- WORK TASK: The answer must consist solely of the lines from the one with "Charles Gill, professeur-artiste" through the last line of the data, copied exactly, with no pictures.

● ● ● ●

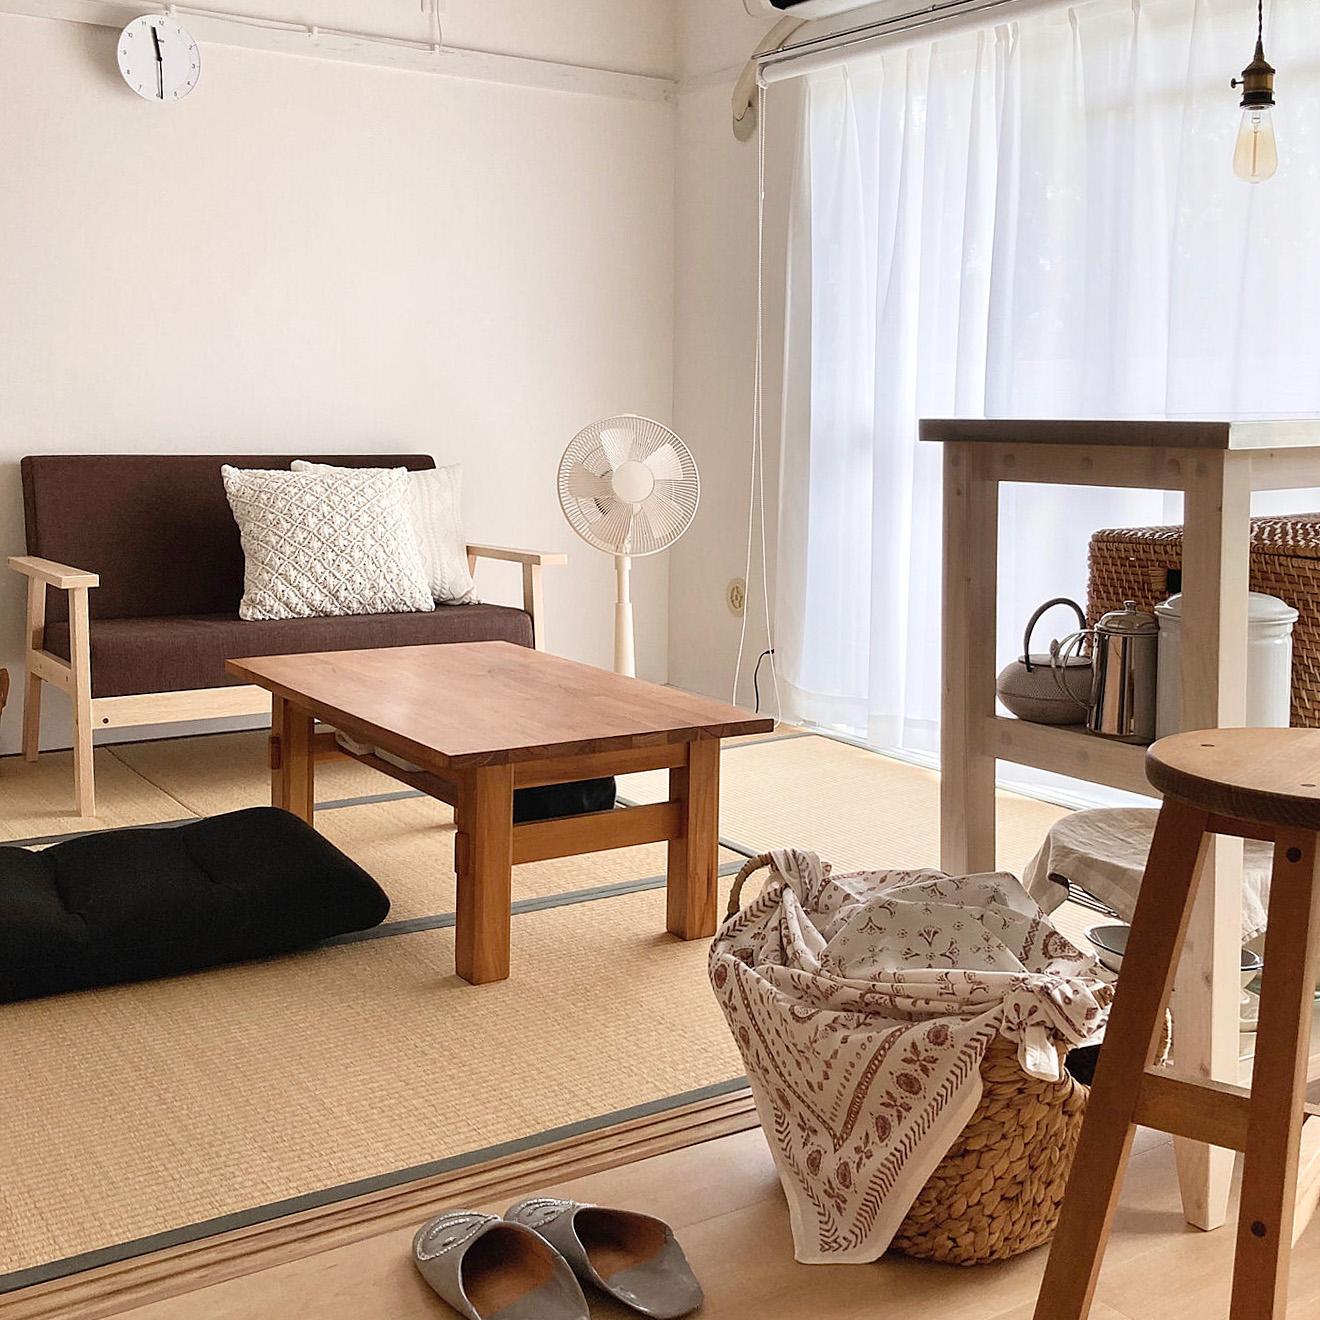 ローテーブルに北欧風のソファ、座椅子を合わせて、のんびりくつろげる空間を実現。
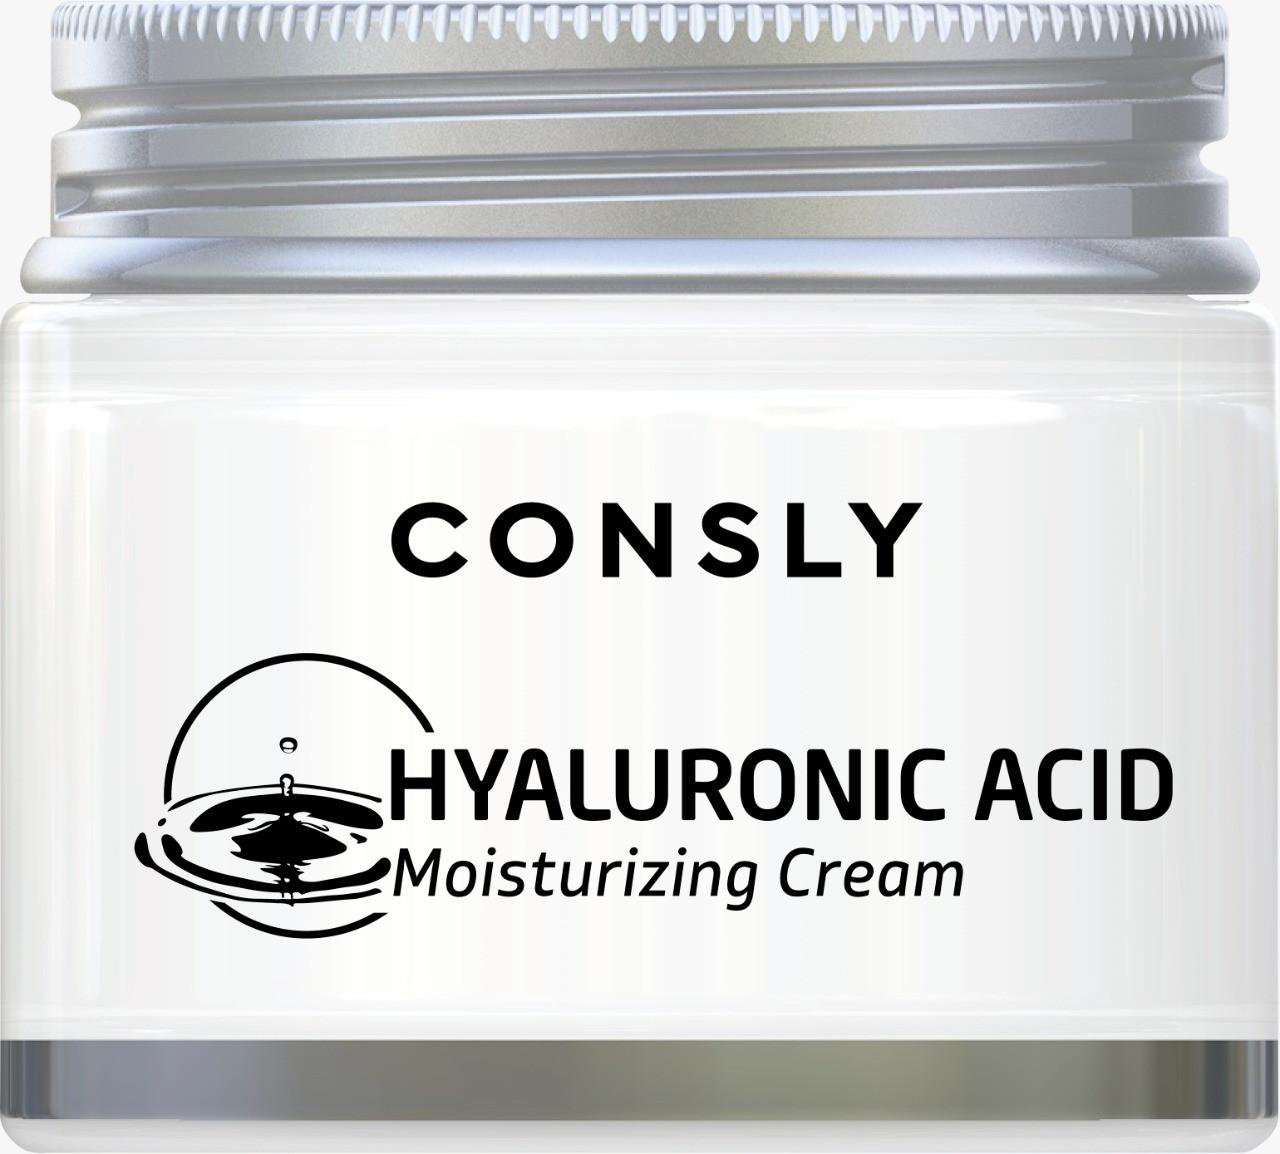 Consly Увлажнающий Крем с Гиалуроновой Кислотой Hyaluronic Acid Cream 70мл.
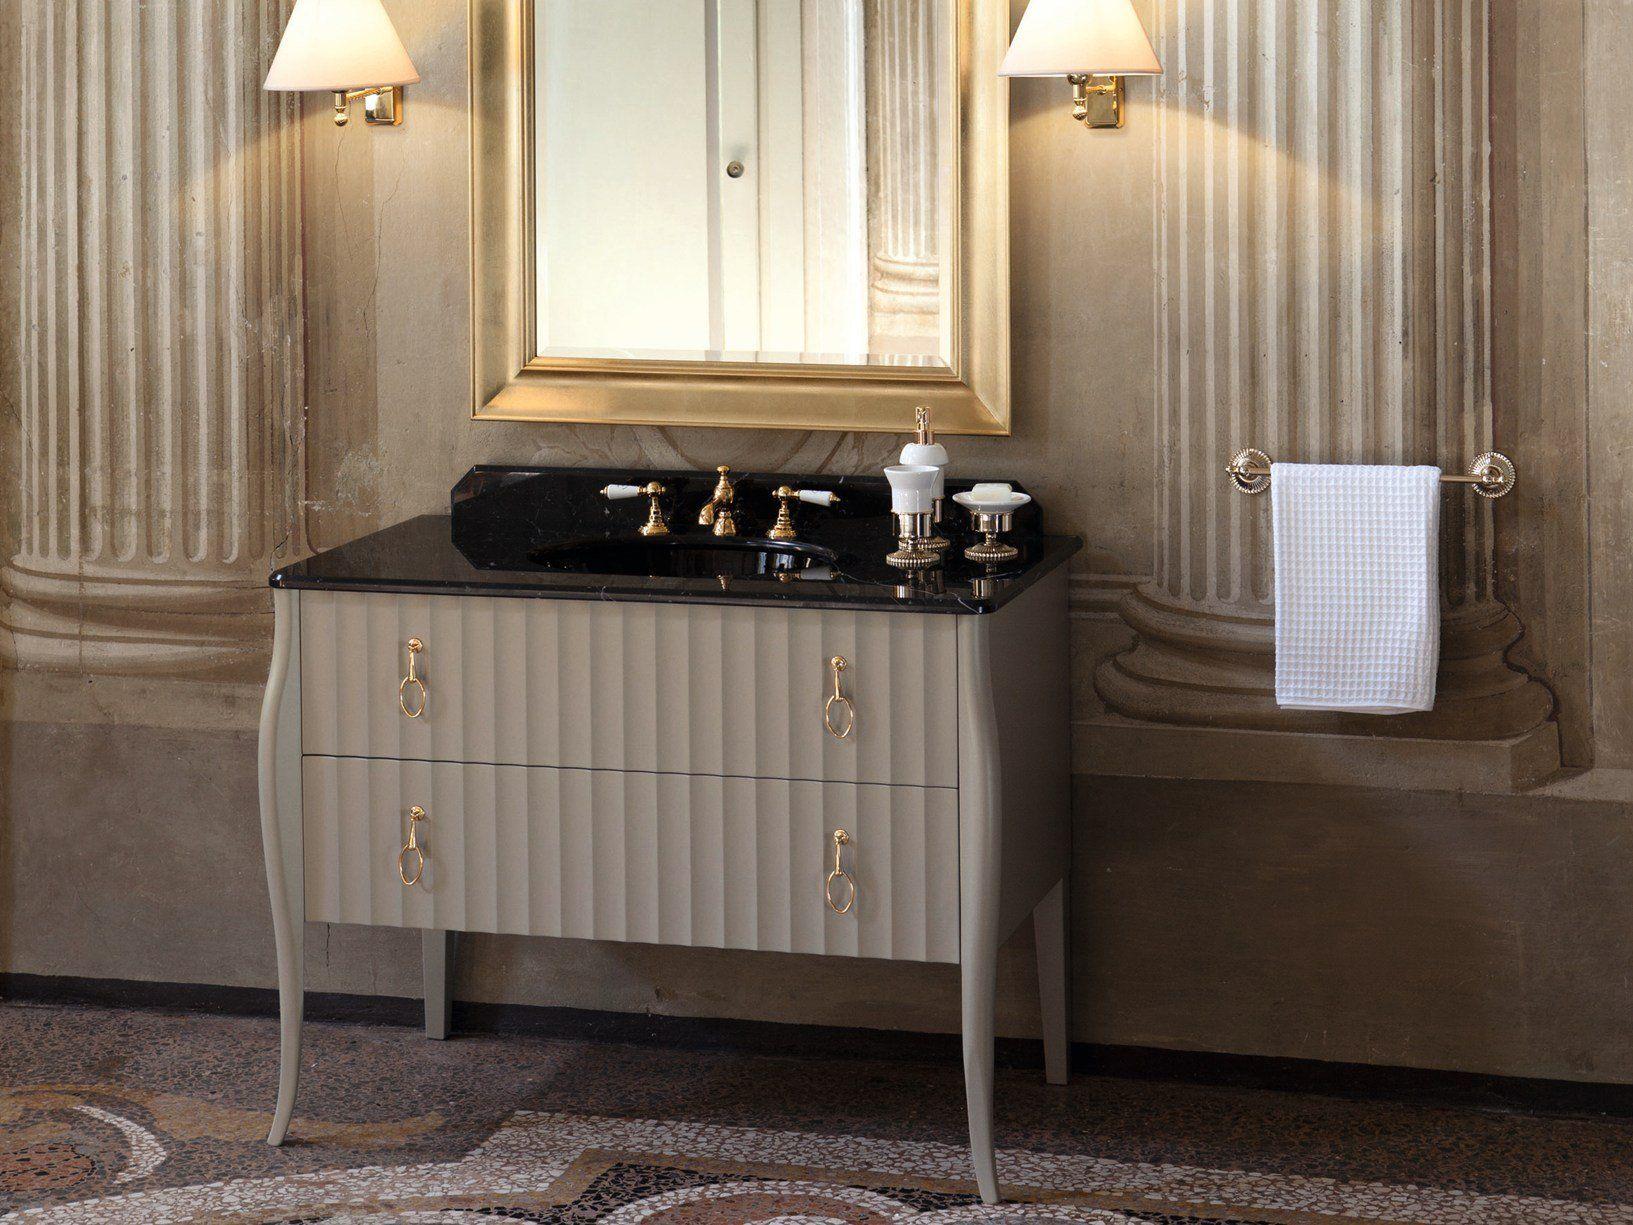 Gentry home presenta i mobili da bagno charlotte - Mobili bagno classici mondo convenienza ...
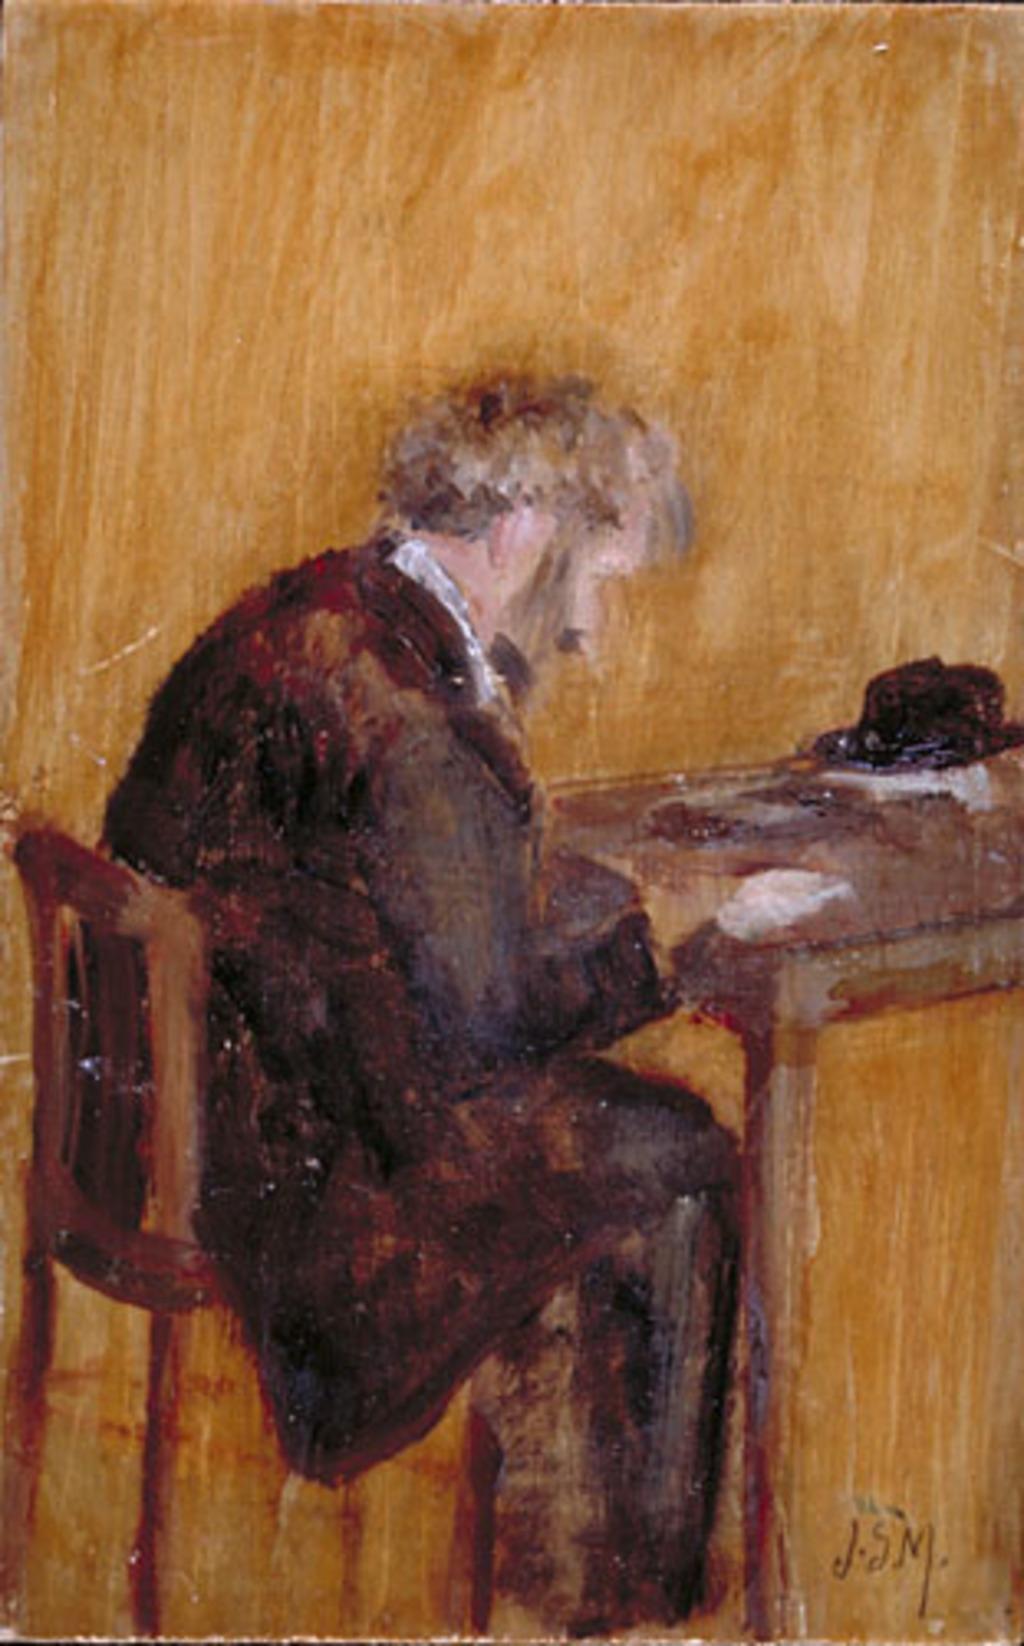 Charles Gill, professeur-artiste
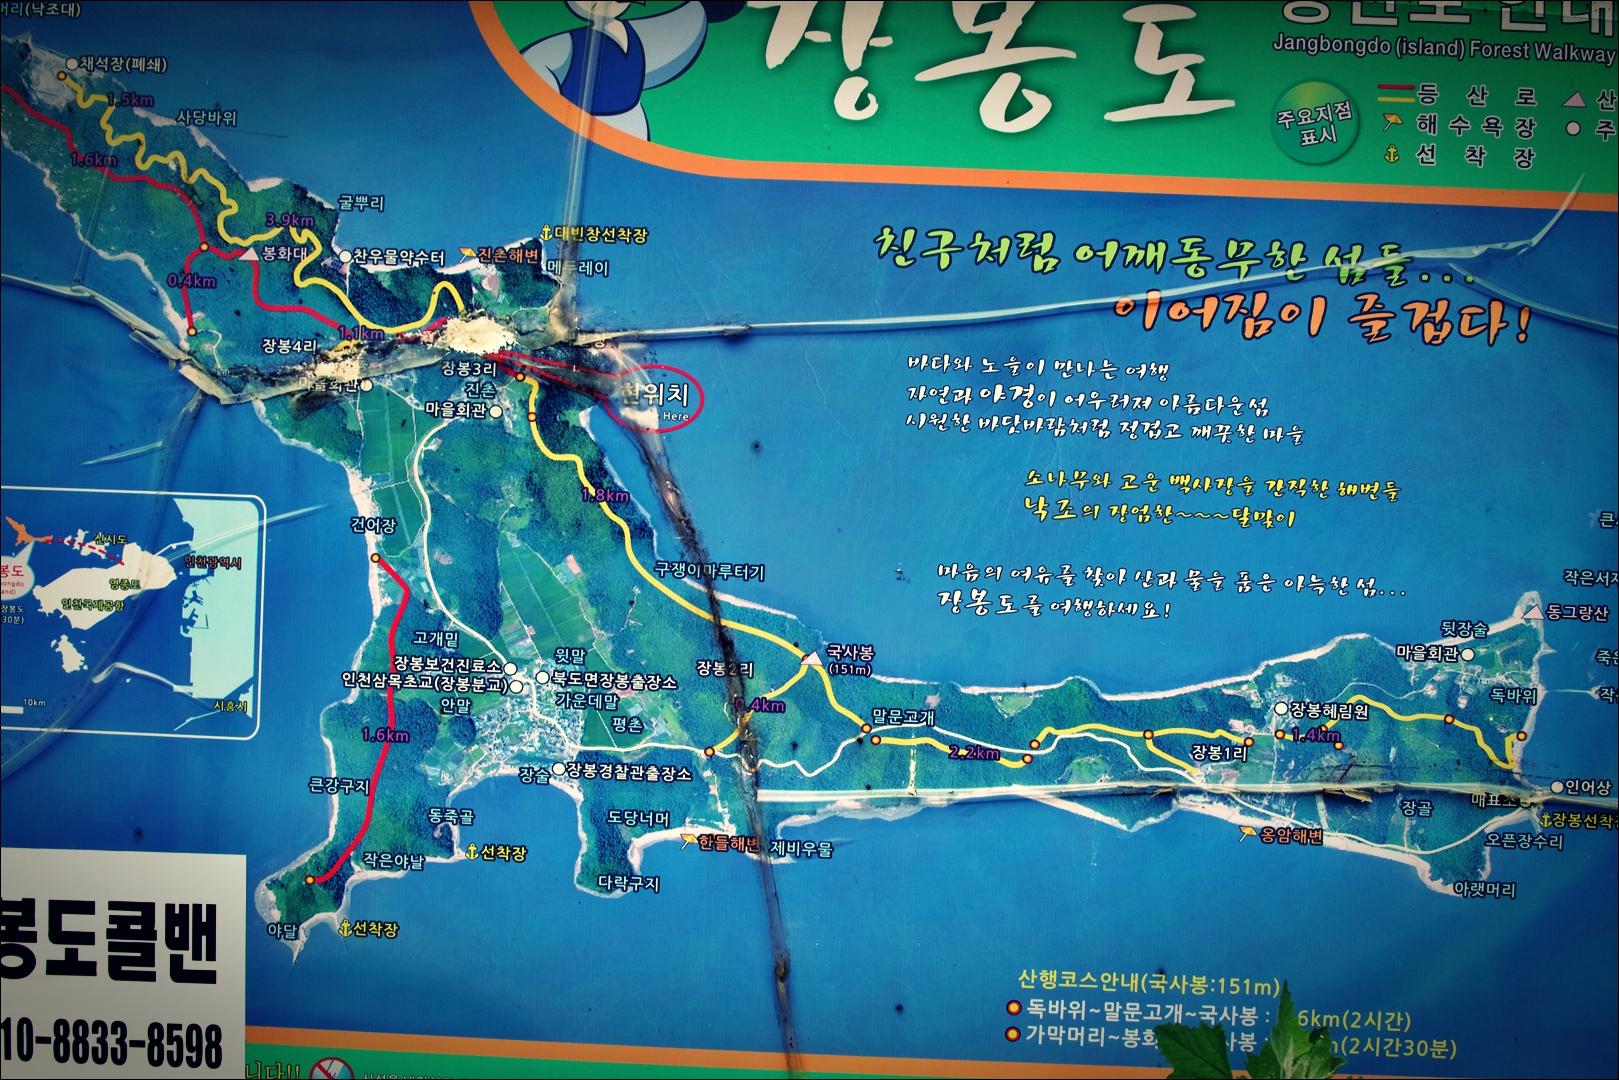 지도-'장봉도 백패킹 Jangbongdo Backpacking'

● ● ● ●

- WRITTEN ANSWER:
 Charles Gill, professeur-artiste
 지도-'장봉도 백패킹 Jangbongdo Backpacking'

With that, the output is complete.